How to do automatic quantification of colony's circulairty

I have questions regarding to measure clonogenic colonies’ circularity. I am working with stem cells which form colonies, but they form various sizes and shapes. I found a way to stain them with CFSE dye (which can retain fluorescent signal for a long term). According to the pictures, some of the cells’ in the colonies are very condense (like attached pic #1), but some are not (like attached pic #2). Therefore, it is very hard to do consistent circularity measurements for each colony.
I want to find a way to do automatic measurement of colony’s circularity because I have large amount of data need to quantify like 100 colonies per day, so it is hard for me to do the manually count for each colony. Do u have any suggestion about how to do better measurement of circularity by using Cell Profiler?
Or do you know Cell Profiler can do a feature like doubled individual cell’s diameter to bring cells in the centre core of colonies into contact with adjacent cells. Then, I can outline the colony to calculate it’s circularity?


CellProfiler can help certainly. But what would really help would be if you could get a DNA/nuclear marker. De-clumping your cells is the main problem I see.

Also, you do mean circularity of individual cells, right? Not some gross measure of the whole cluster/colony of cells?
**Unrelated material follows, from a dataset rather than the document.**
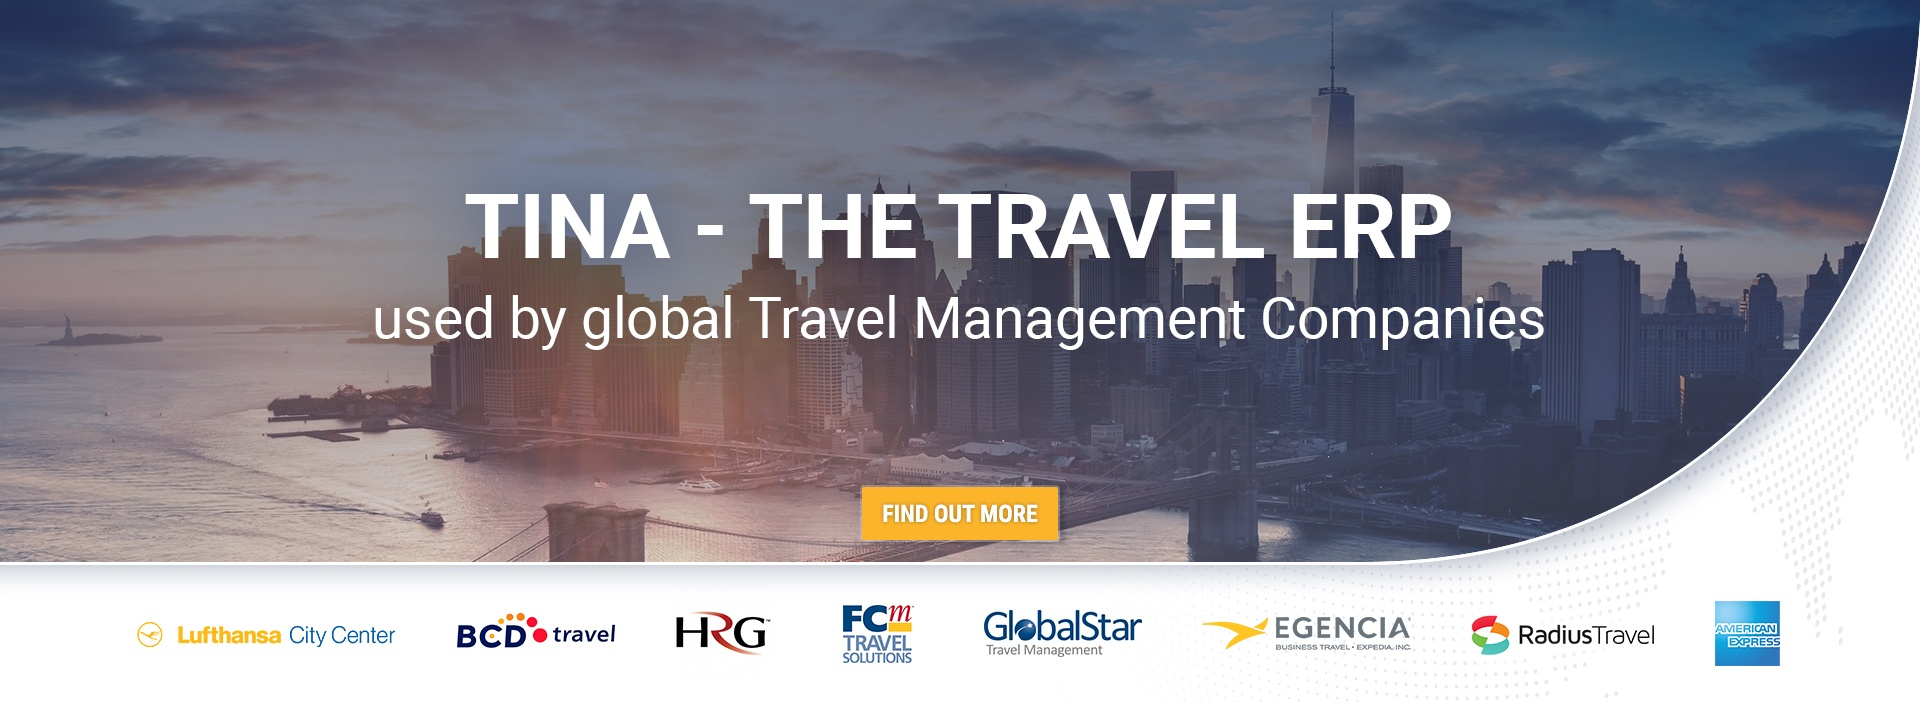 TINA - the travel ERP

Please see my attached pipeline attempt. The procedure is to
(1) ID the “nuclei”, or brightest portions of the cells
(2) Grow these out (IDScondary)
(3) Measure Shape
(4) Display the chosen shape parameter (I chose FormFactor, but others might work better, like Compactness or Eccentricity)
(5) Classify the objects by choosing a threshold.
The counts will appear in the Per_Image output tables

It would definitely be helped if we could segment the nuclei first with, say, another marker. But these are live cells that you need to track over time?
Hope that helps,
DL_circularity.cppipe (10.4 KB)

Thank you for your reply!
We are interested in measure the circularity as a whole clumping colony, not as a individual cell.
As you see from the images, colony was made by lots of individual cells. Therefore, we would like to measure area, perimeter or circularity as a colony, not as a individual cell.

Thank you!

Oh! I guessed wrong then. Have you adapted your pipeline to suit the colony and not the individual cells then?


Hi David,

I am also interested in this problem. I need to quantify the shape of each yeast cell in a screen whether it’s unbudded, budded or budded with anaphase. Unbudded cells would be circular, budded cells would have a small bud do not have a nucleus and budded with anaphase cells would have an elongated nucleus and two nearly identical cells that are merged. I already extracted FormFactor, Compactness, and Eccentricity, however, I can’t decide how I should threshold them just based on these measurement. As you said, I am first segmenting the nuclei and then the cytoplasm, both in RFP, and a GFP marker is localized to the Cell Wall that might also be useful for inferring shape. Do you have any suggestions?

Best regards,

This is exactly the sort of thing CP Analyst is designed for, FWIW- you can take your measurements and images, sort your cells into your categories, and it will calculate for you what values do the best job of classifying your cells (and how many cells of each type there are in your experiment if you’d like). I’d definitely recommend checking it out- it used to be much more difficult to get started with, but if you use ExportToDatabase to make a SQLite file and tell the module to make your properties file for you it’s now super straightforward.

If you’re running CP 2.2 or greater (I don’t remember which version you said previously that you’re running) you can also use the WorkspaceViewer tool to overlay the measured values on top of the circled cells so that you can estimate the values by eye.